§ Task to complete:
Each line below needs to be returned exactly. Skip any picture.

§ Dataset extract:
⟨

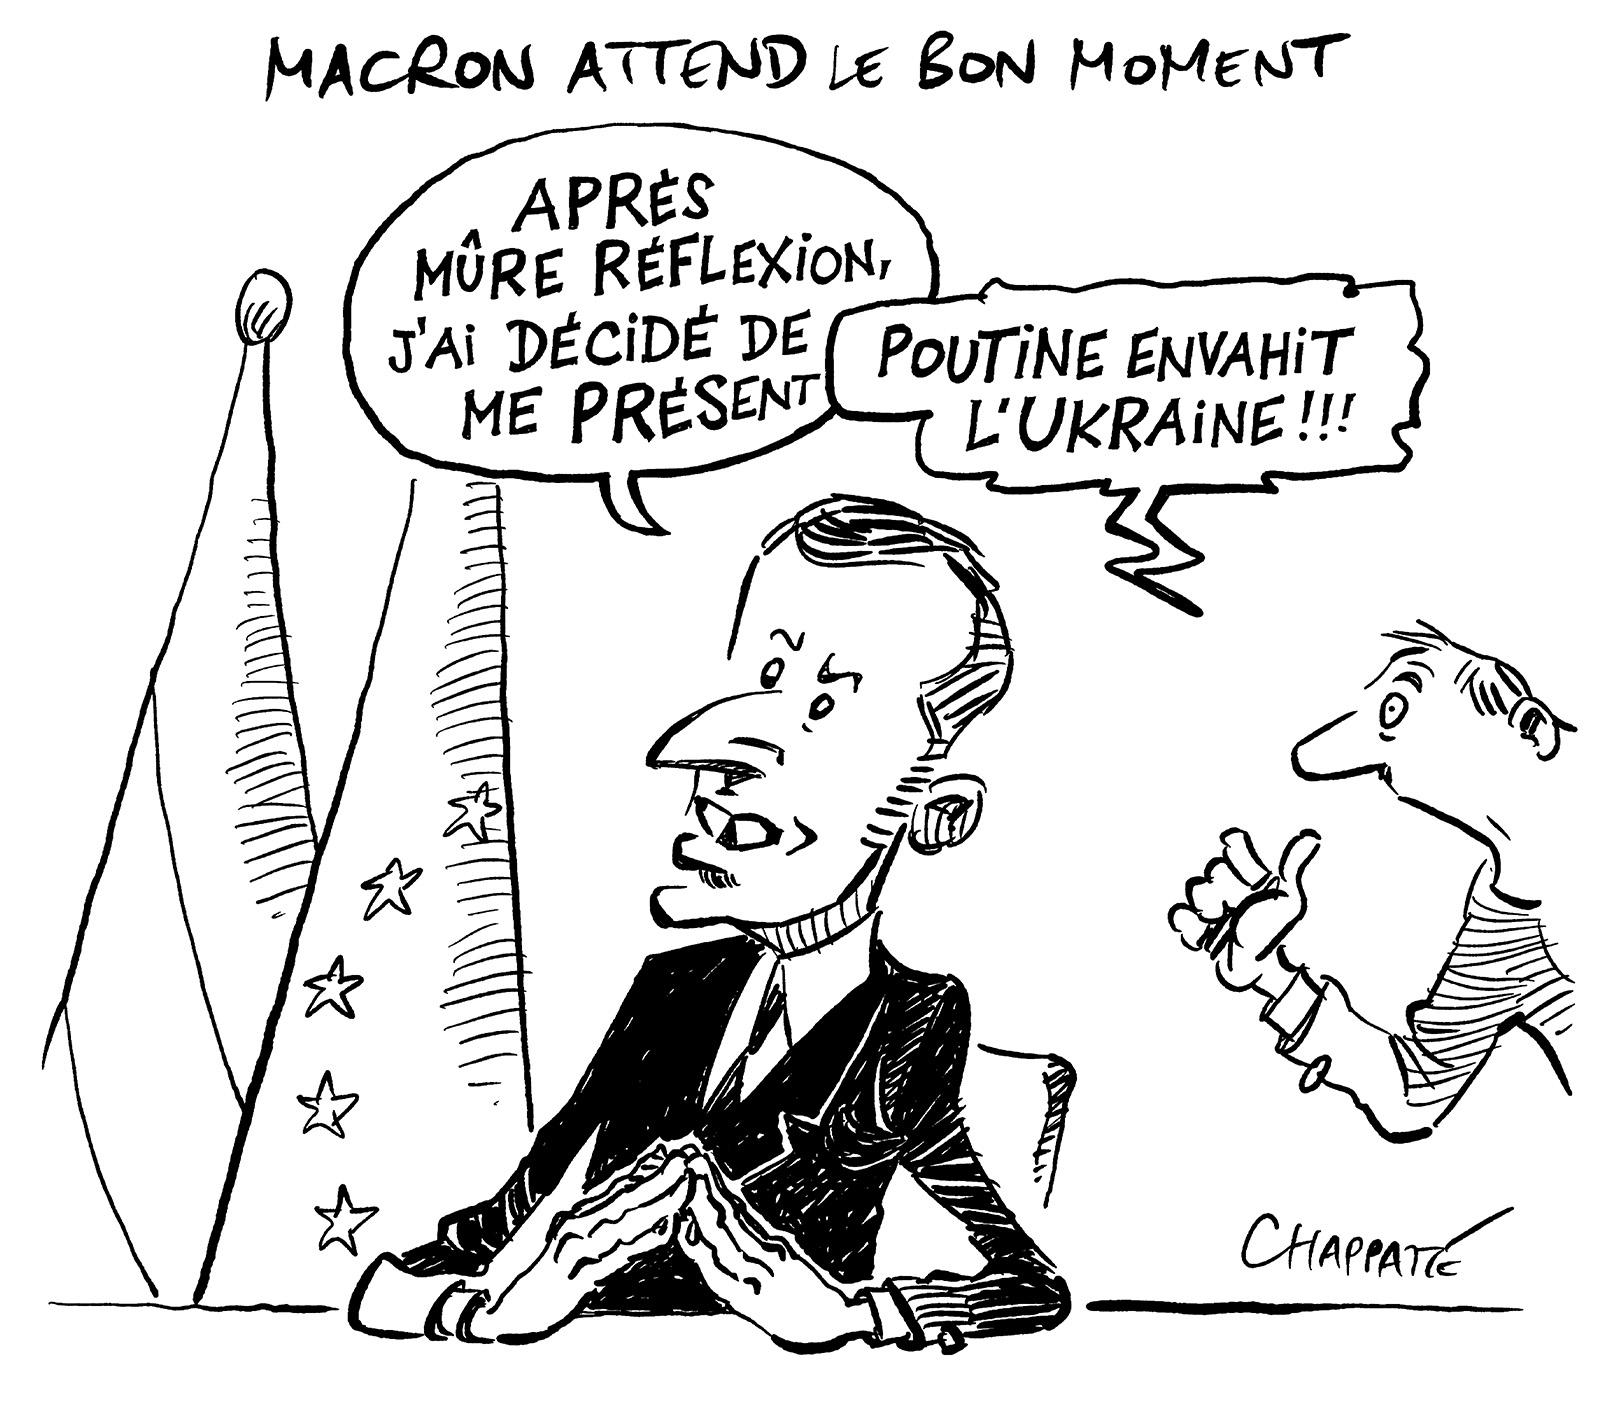 Macron attend le bon moment
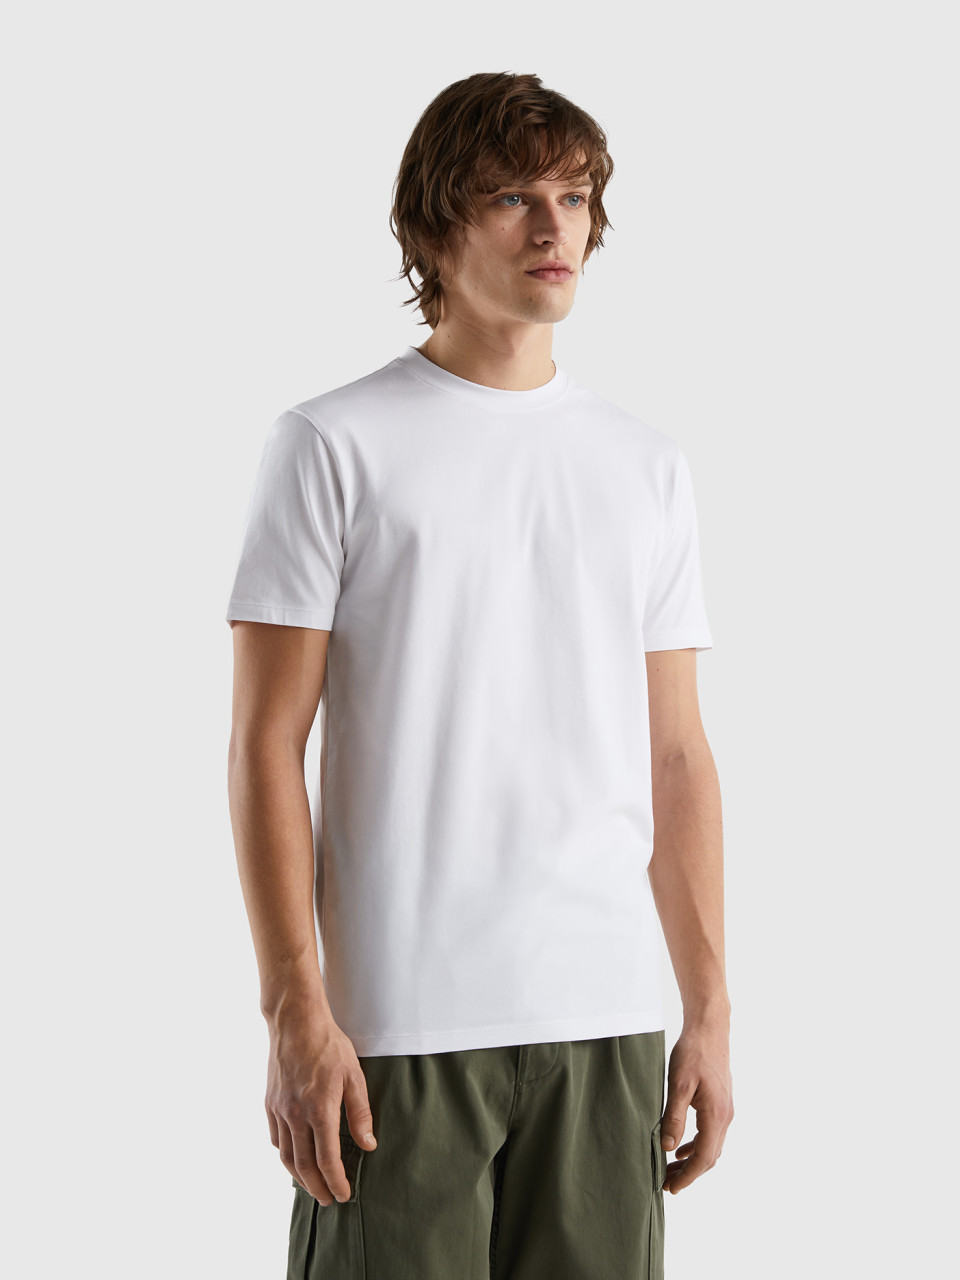 Benetton, Camiseta Slim Fit De Algodón Elástico, Blanco, Hombre
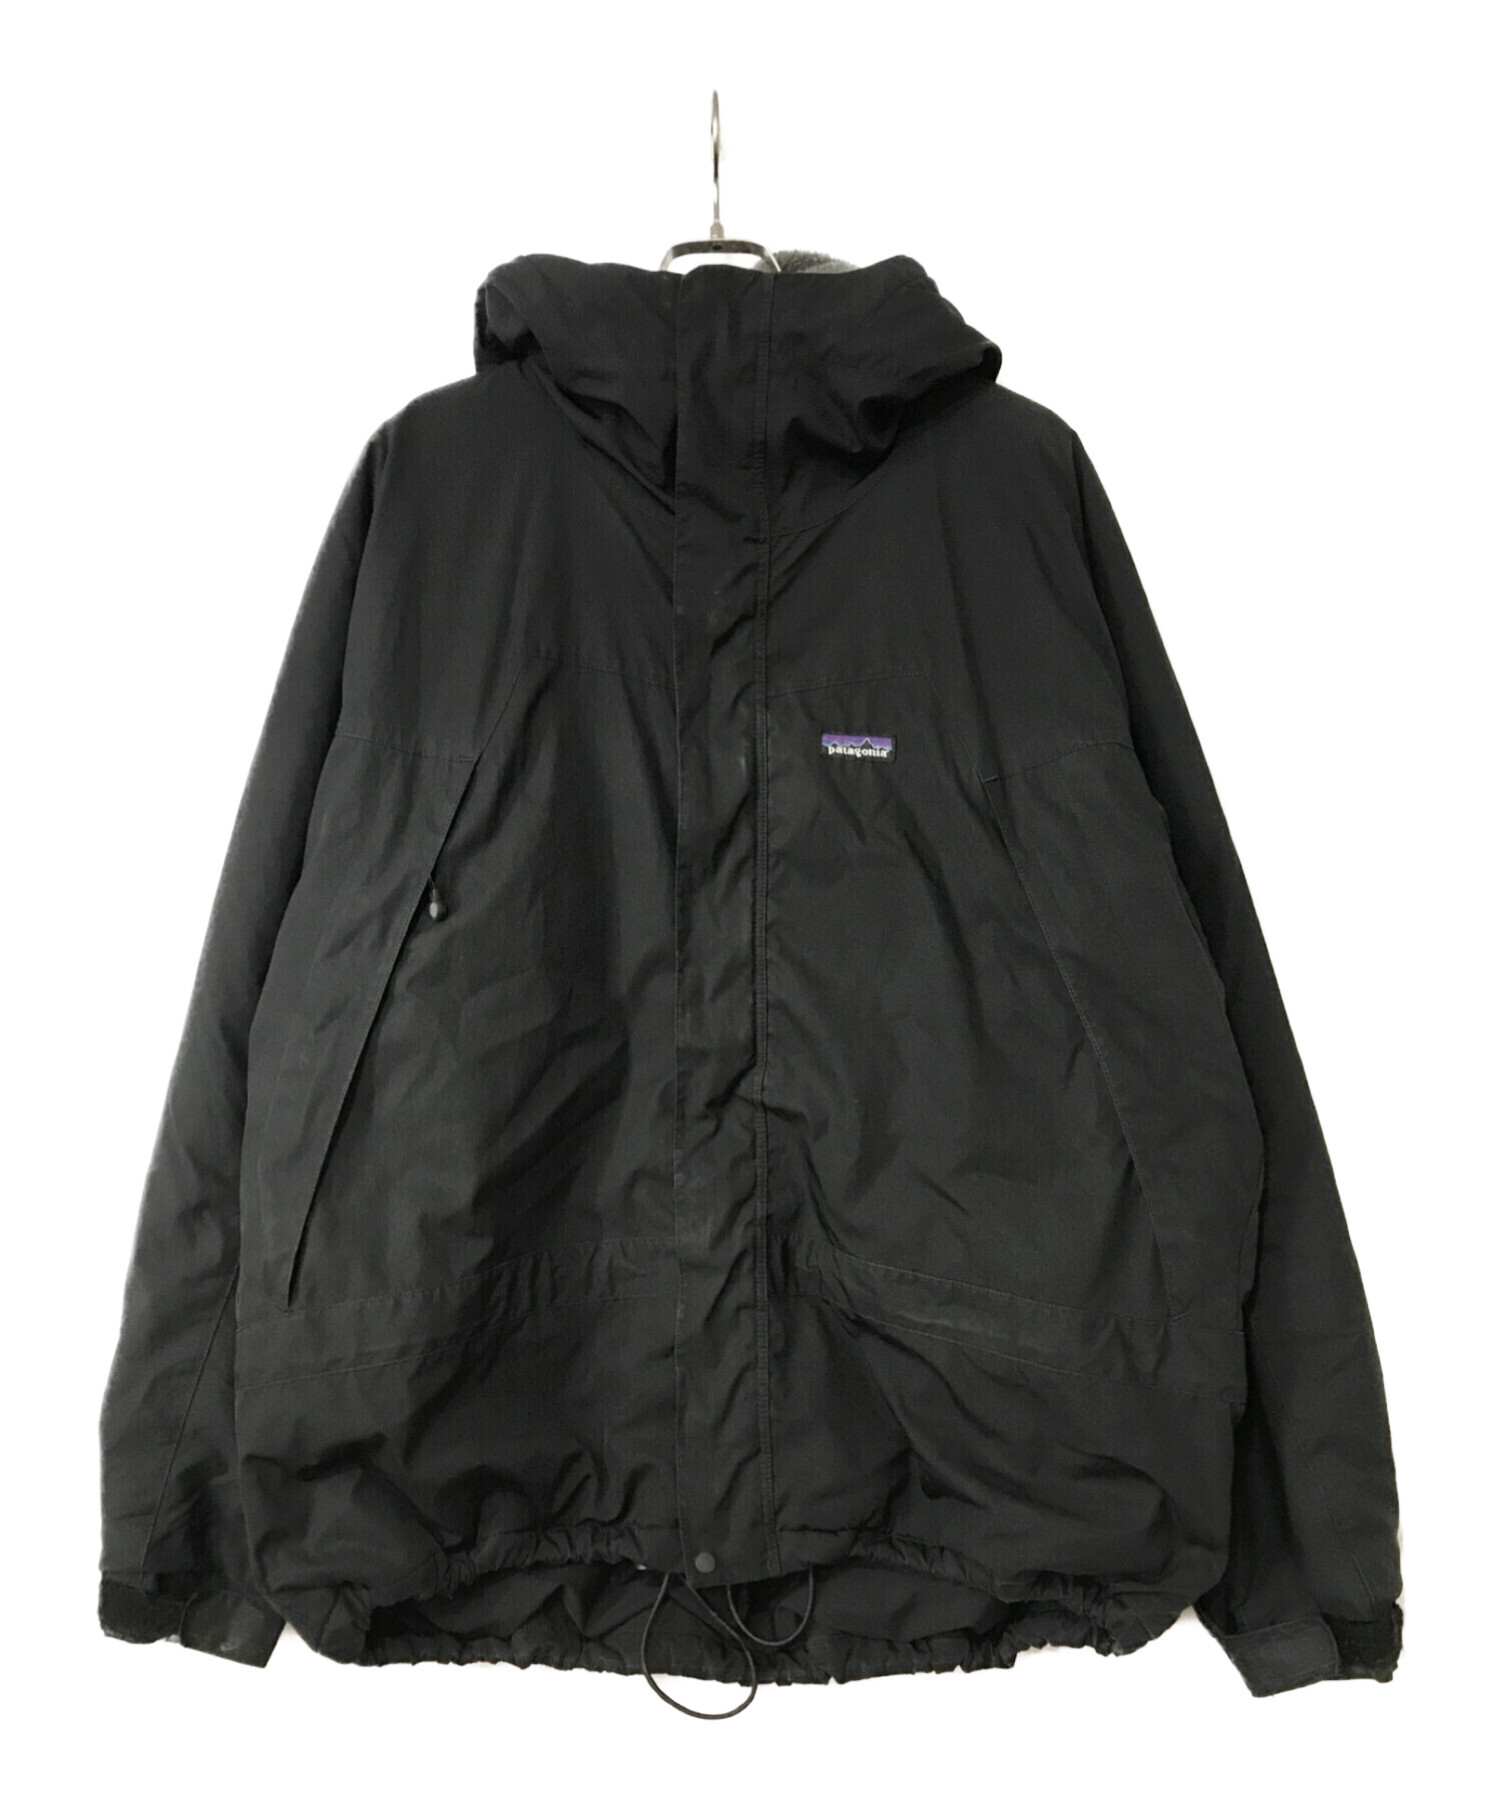 patagonia  インファーノジャケット ブラック サイズL2004年だと思われます
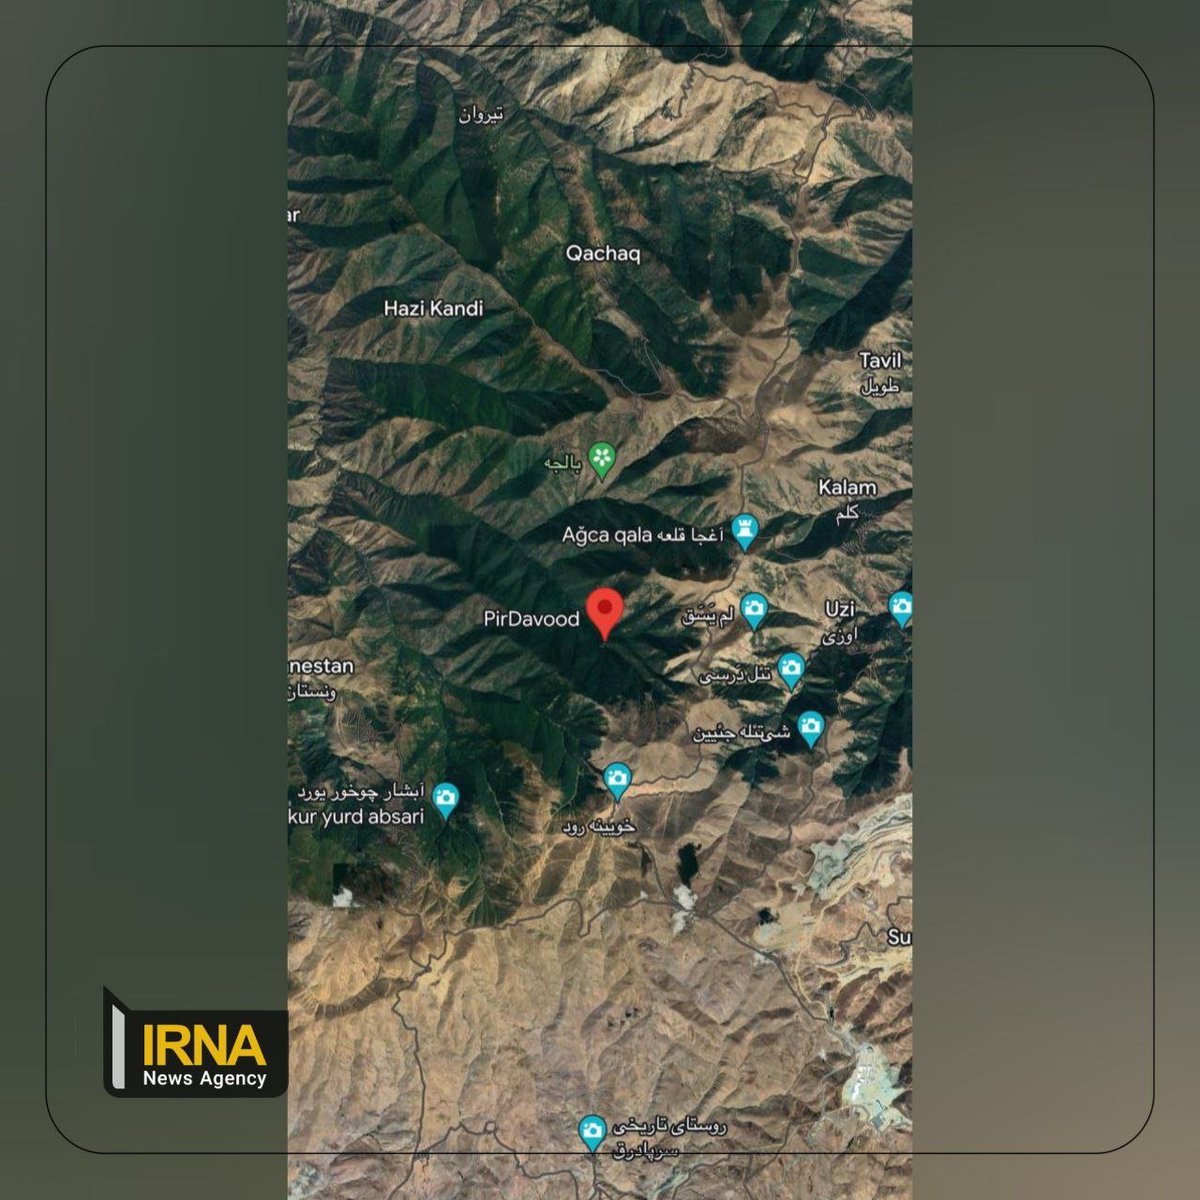 La agencia de noticias iraní IRNA publicó los datos de la zona donde se cree está el helicóptero estrellado. Es un sitio montañoso que, junto al clima, dificulta el acceso y por ende resolver que sucedió con la comitiva presidencial Hay 20 equipos de búsqueda desplegados

⟩

§ Task response:
 Macron attend le bon moment
 Benetton, Camiseta Slim Fit De Algodón Elástico, Blanco, Hombre
 patagonia  インファーノジャケット ブラック サイズL2004年だと思われます
 La agencia de noticias iraní IRNA publicó los datos de la zona donde se cree está el helicóptero estrellado. Es un sitio montañoso que, junto al clima, dificulta el acceso y por ende resolver que sucedió con la comitiva presidencial Hay 20 equipos de búsqueda desplegados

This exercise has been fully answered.